--- Collected data Enclosed Below ---
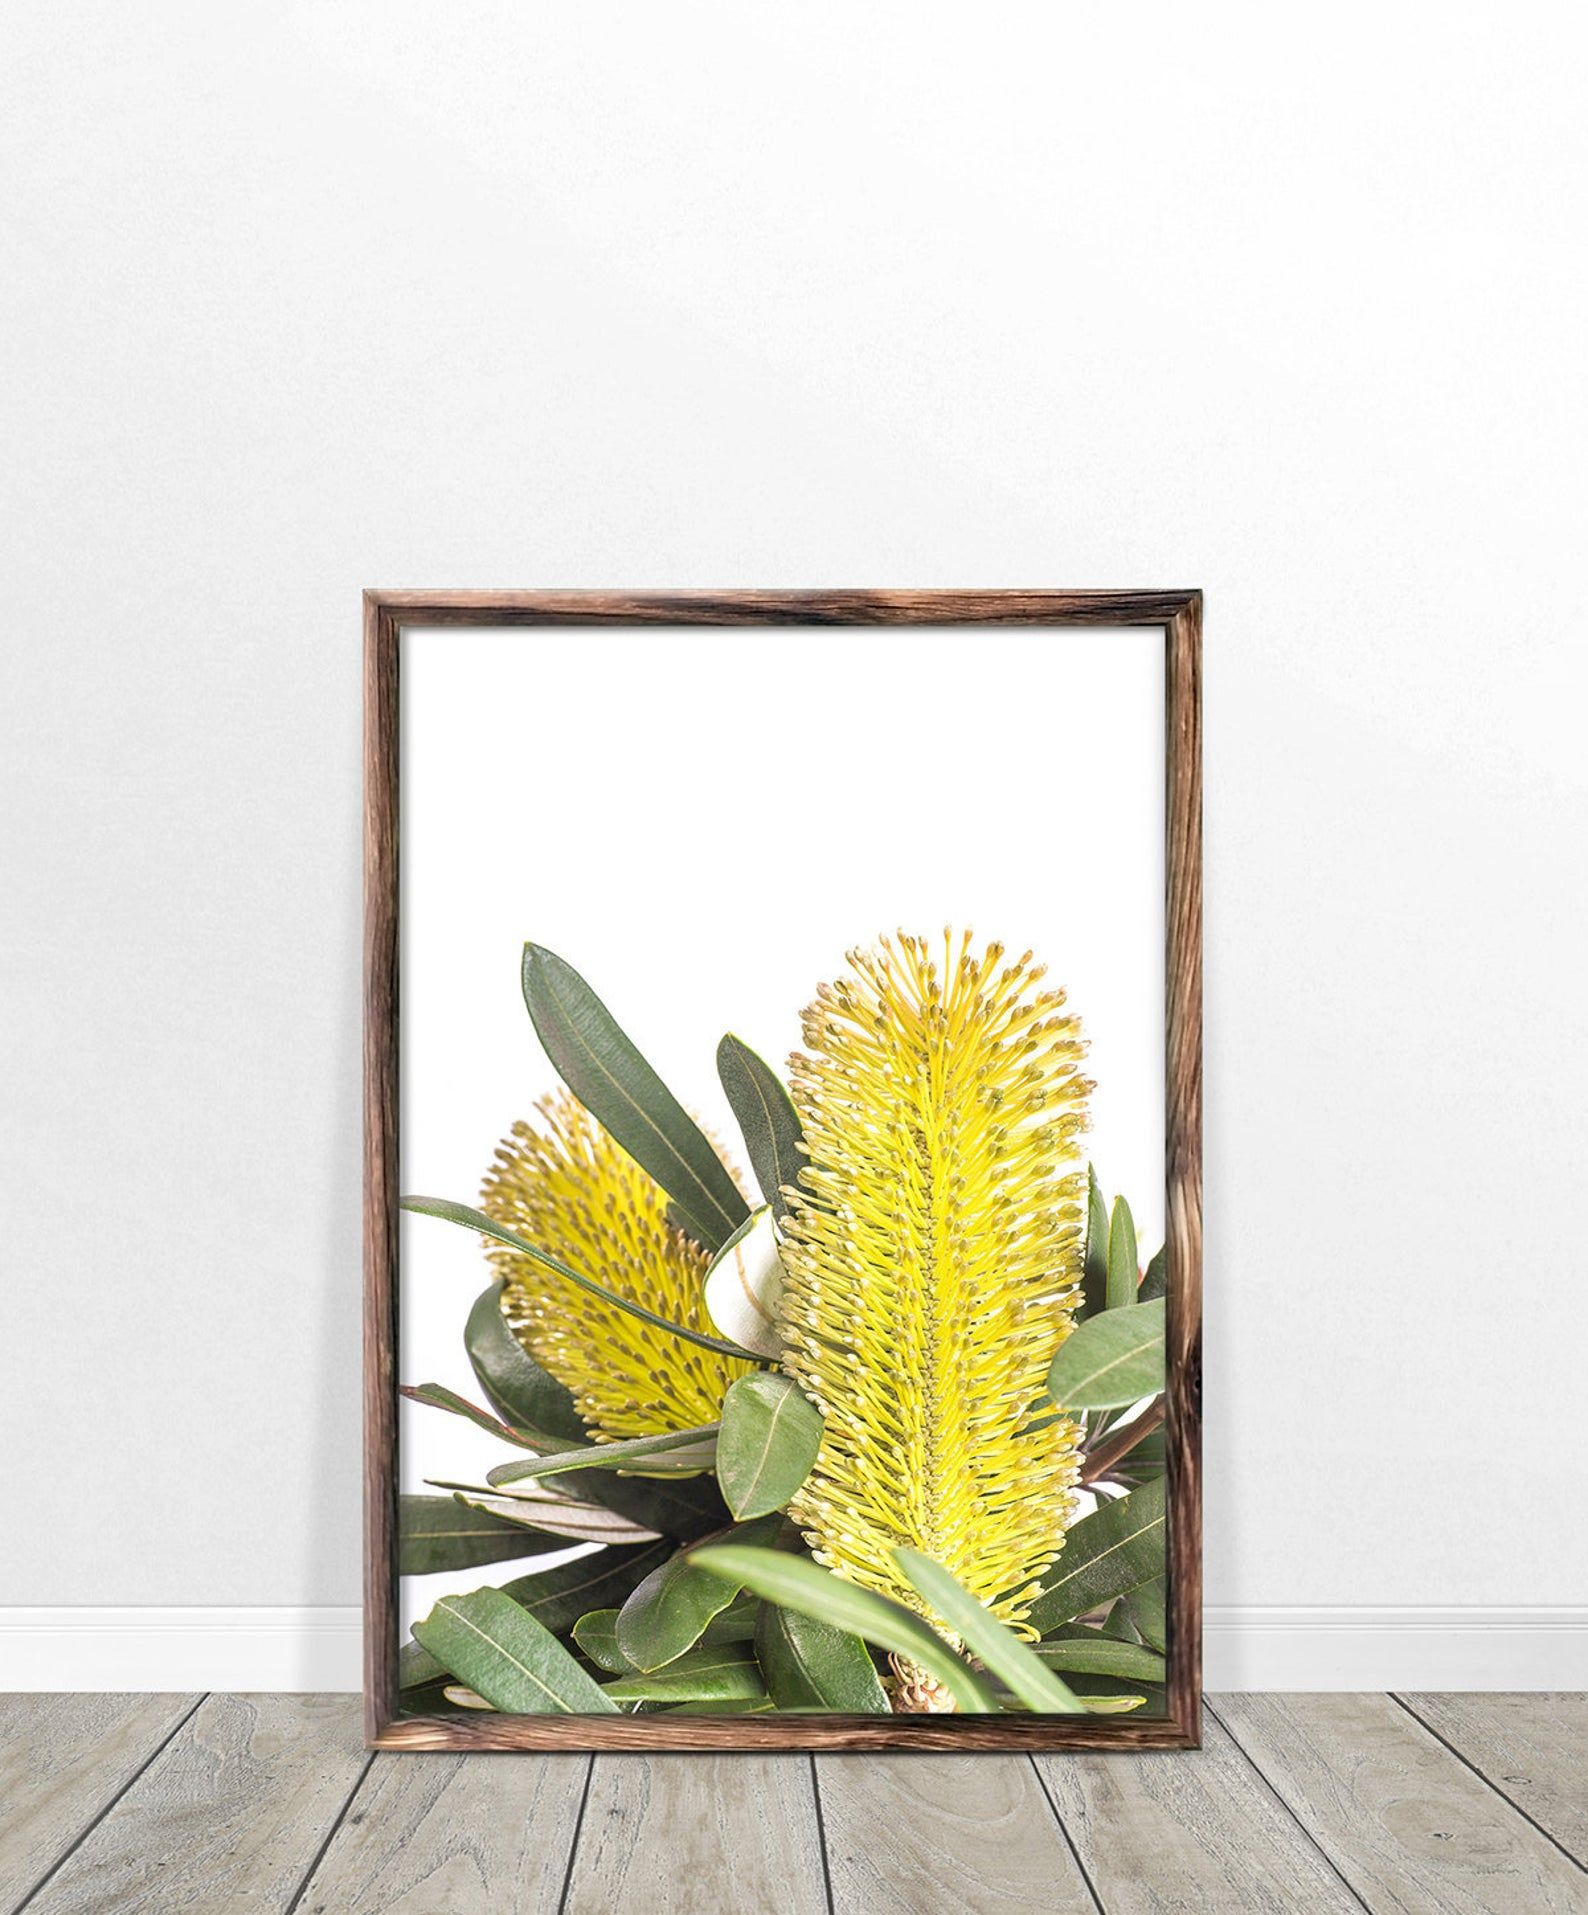 Banksia Print Digital Download Australian Native Photography Flower Wall Art Yellow Flower Print Australian Flowers Botanical Native Print In 2020 Flower Wall Art Flower Art Yellow Flower Print
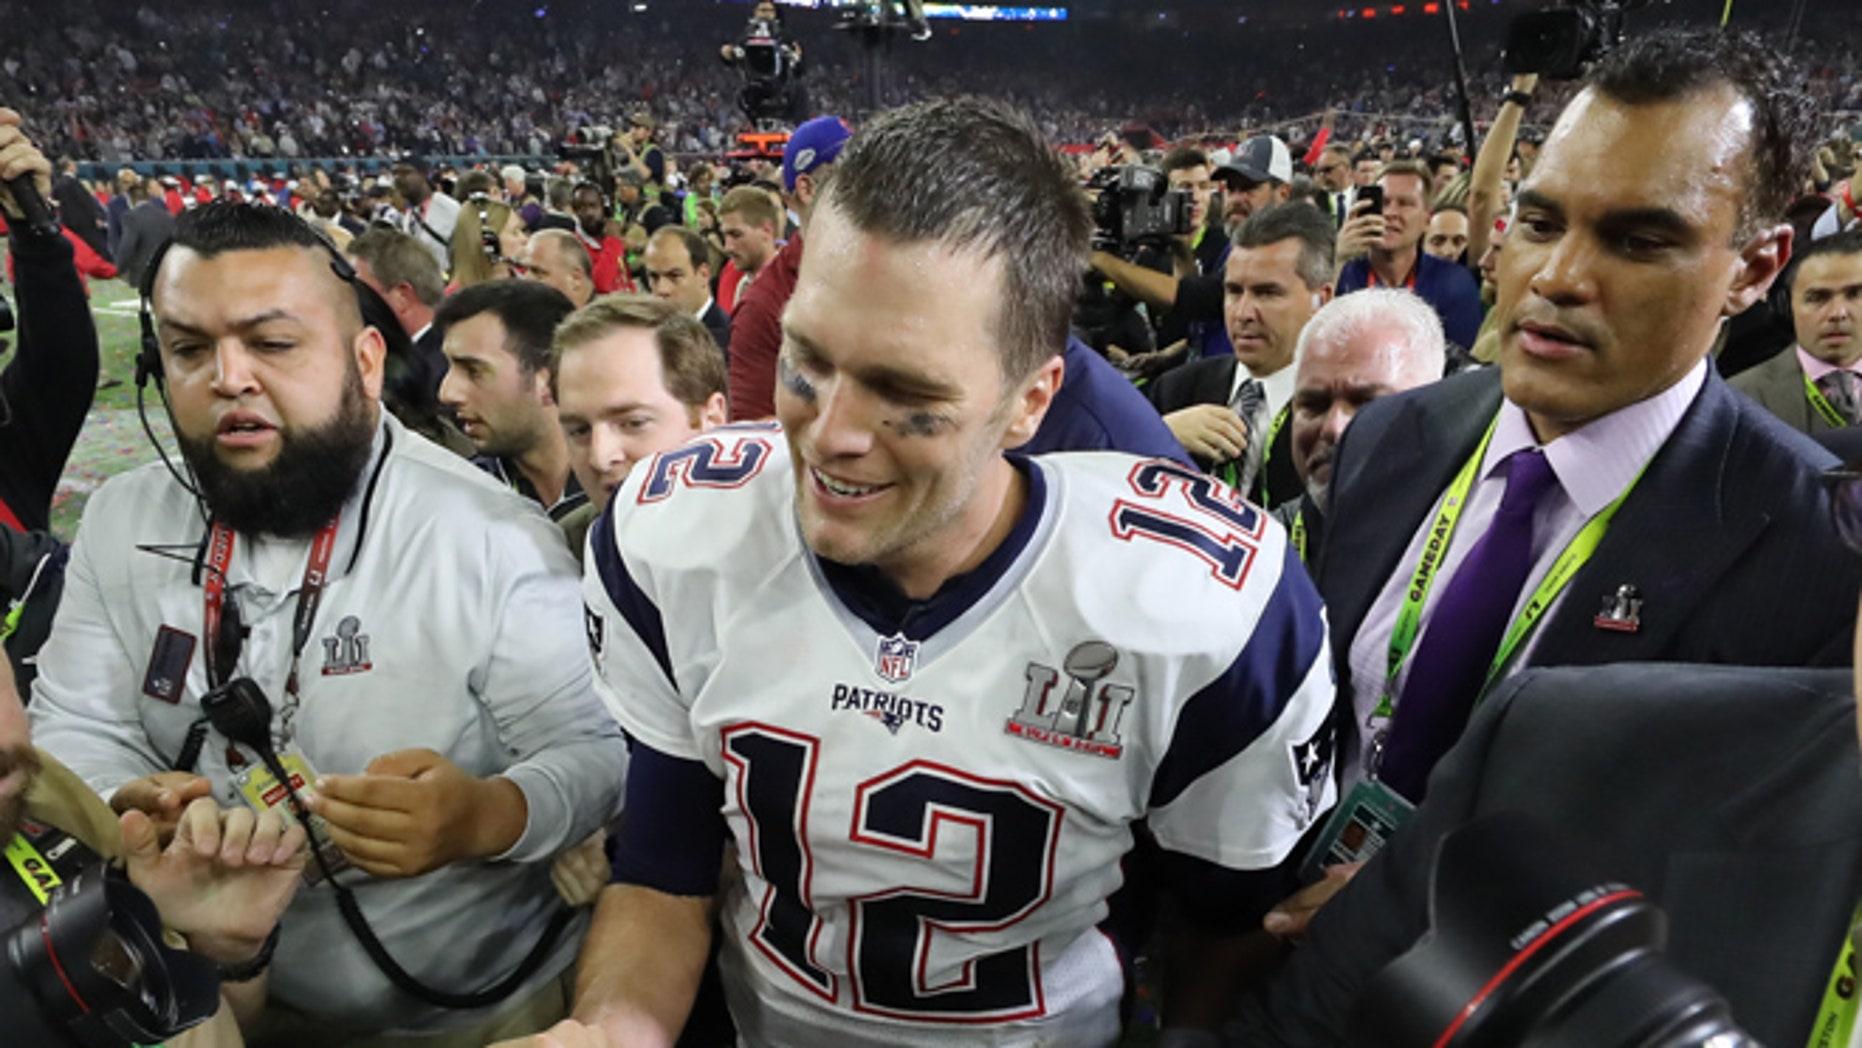 New England Patriots' quarterback Tom Brady smiles after his team defeated the Atlanta Falcons at Super Bowl LI in Houston, Texas, U.S., February 5, 2017. REUTERS/Adrees Latif - RTX2ZRK0
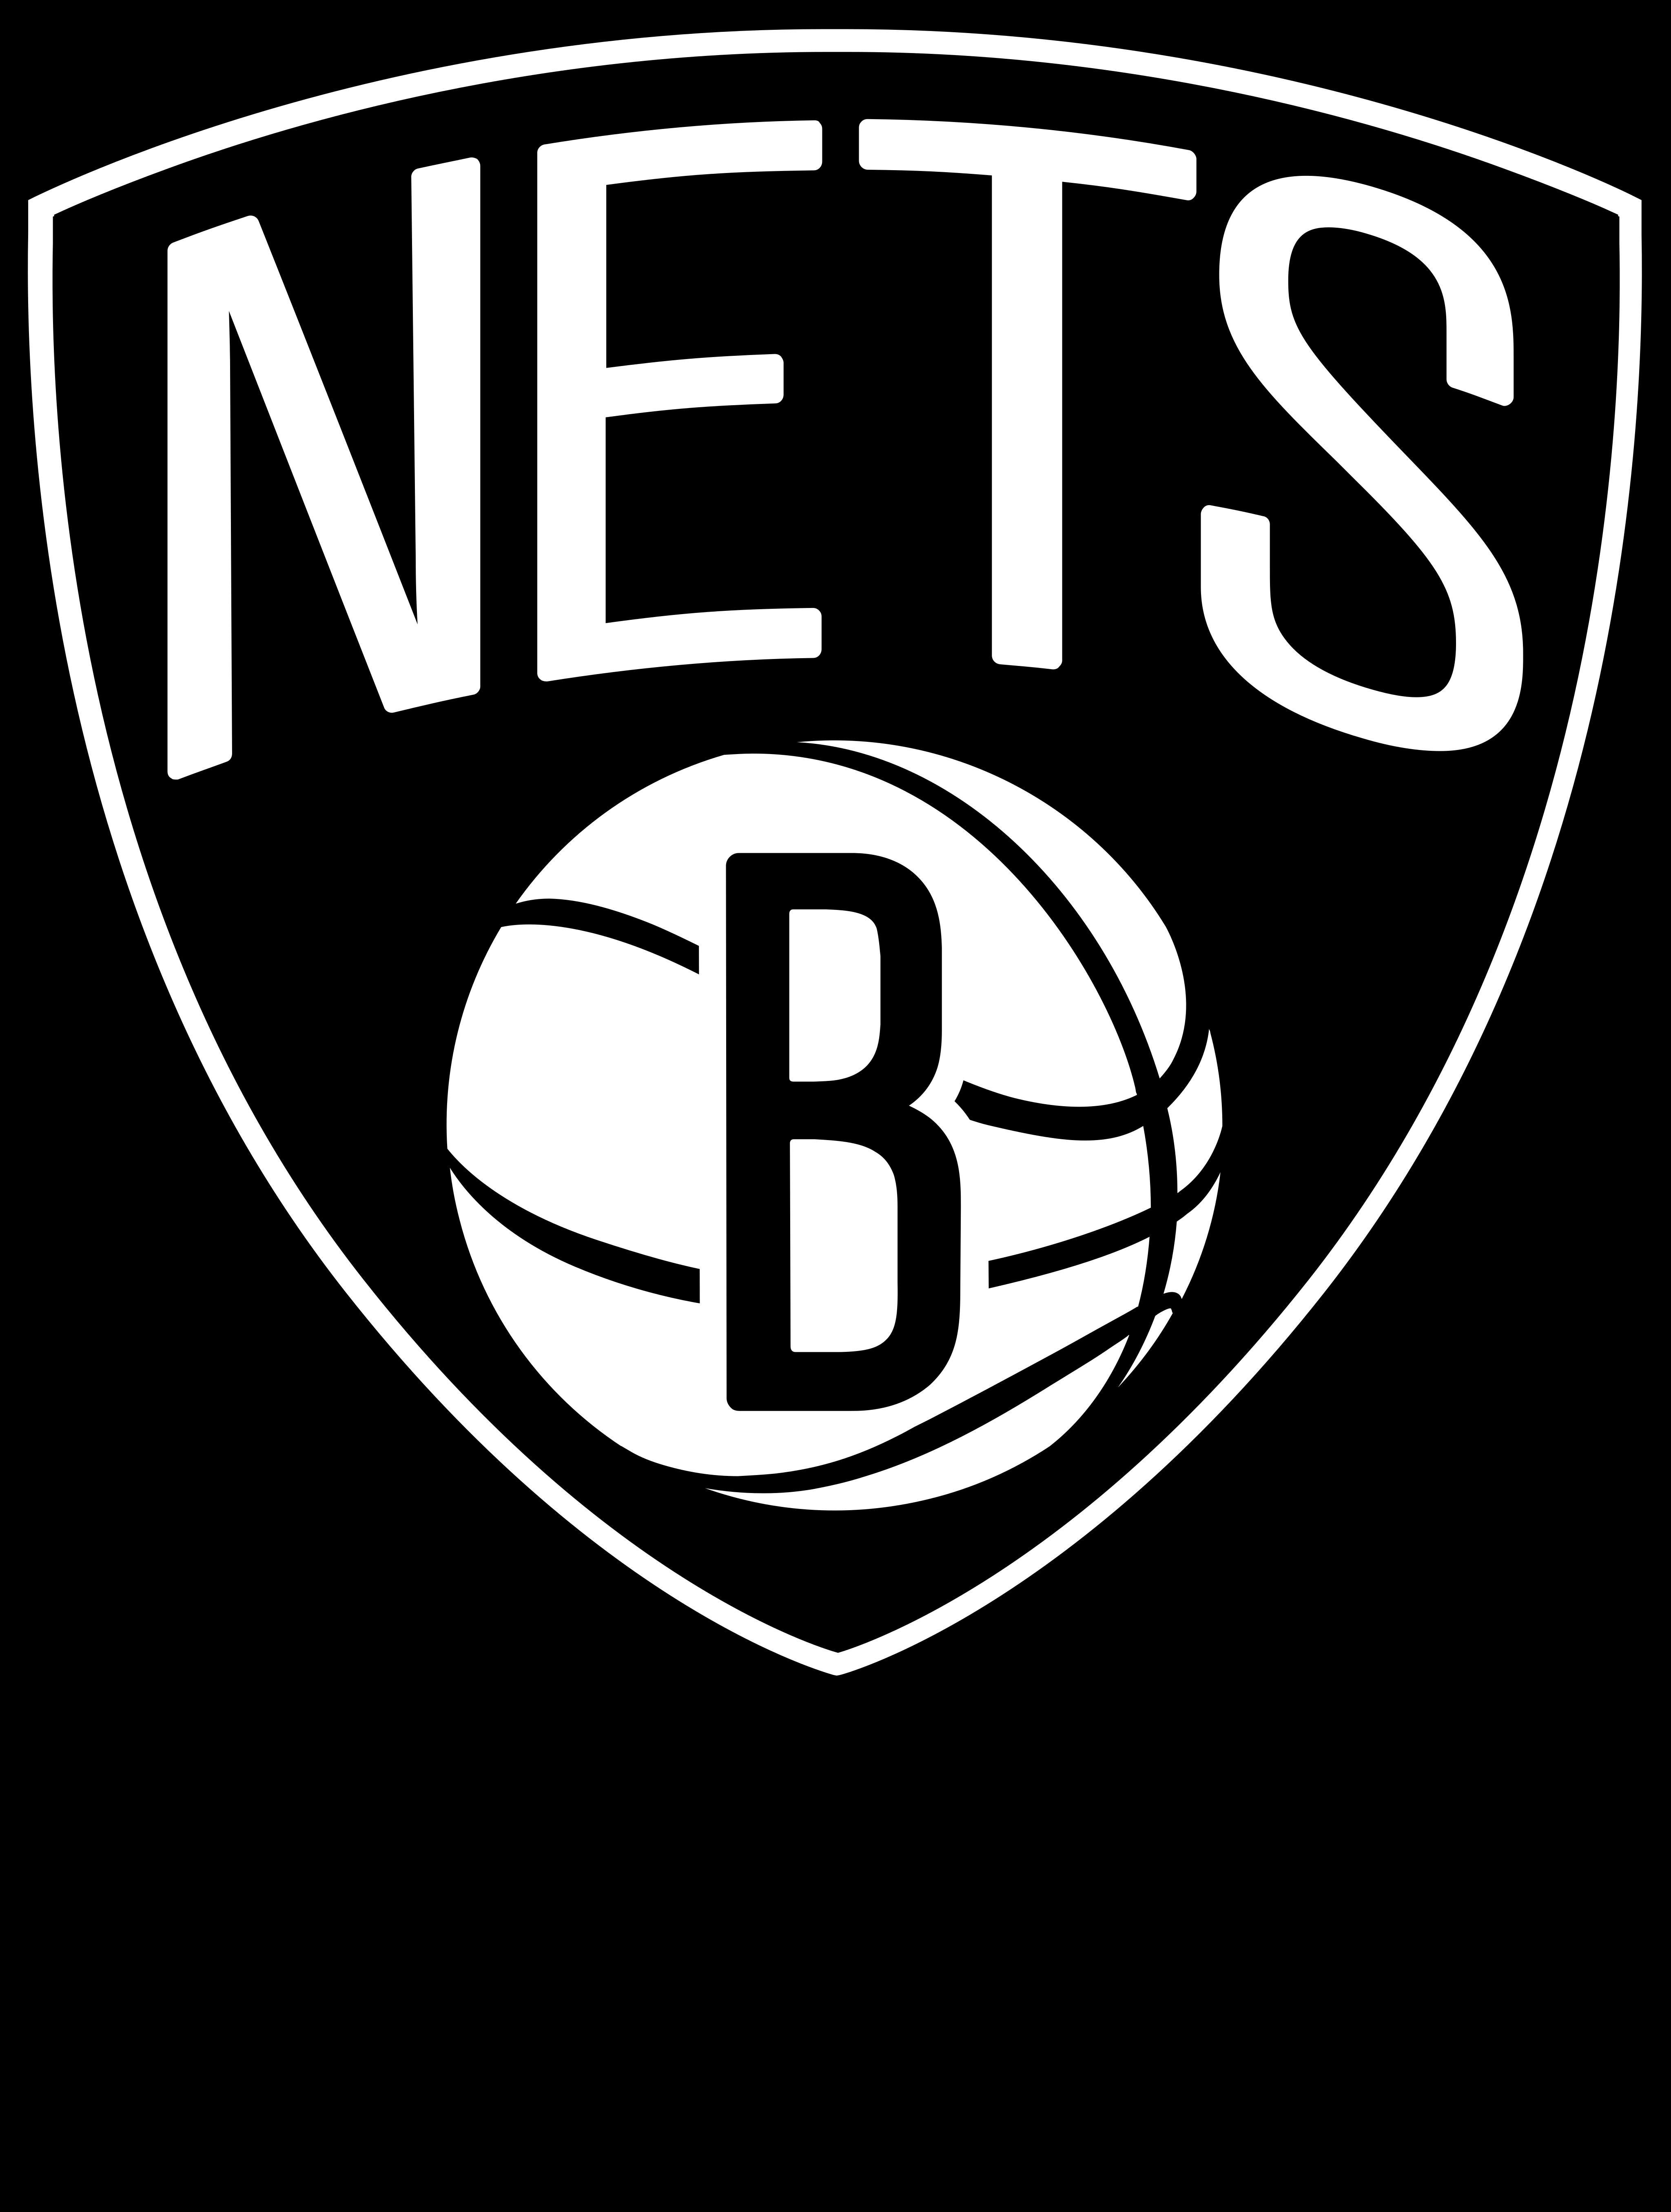 brooklyn nets logo 1 - Brooklyn Nets Logo
--- End of Enclosed Collected data ---
What you will do
Return an exact transcription of the material, with its pictures left out.

Task response
 Banksia Print Digital Download Australian Native Photography Flower Wall Art Yellow Flower Print Australian Flowers Botanical Native Print In 2020 Flower Wall Art Flower Art Yellow Flower Print
 New England Patriots' quarterback Tom Brady smiles after his team defeated the Atlanta Falcons at Super Bowl LI in Houston, Texas, U.S., February 5, 2017. REUTERS/Adrees Latif - RTX2ZRK0
 brooklyn nets logo 1 - Brooklyn Nets Logo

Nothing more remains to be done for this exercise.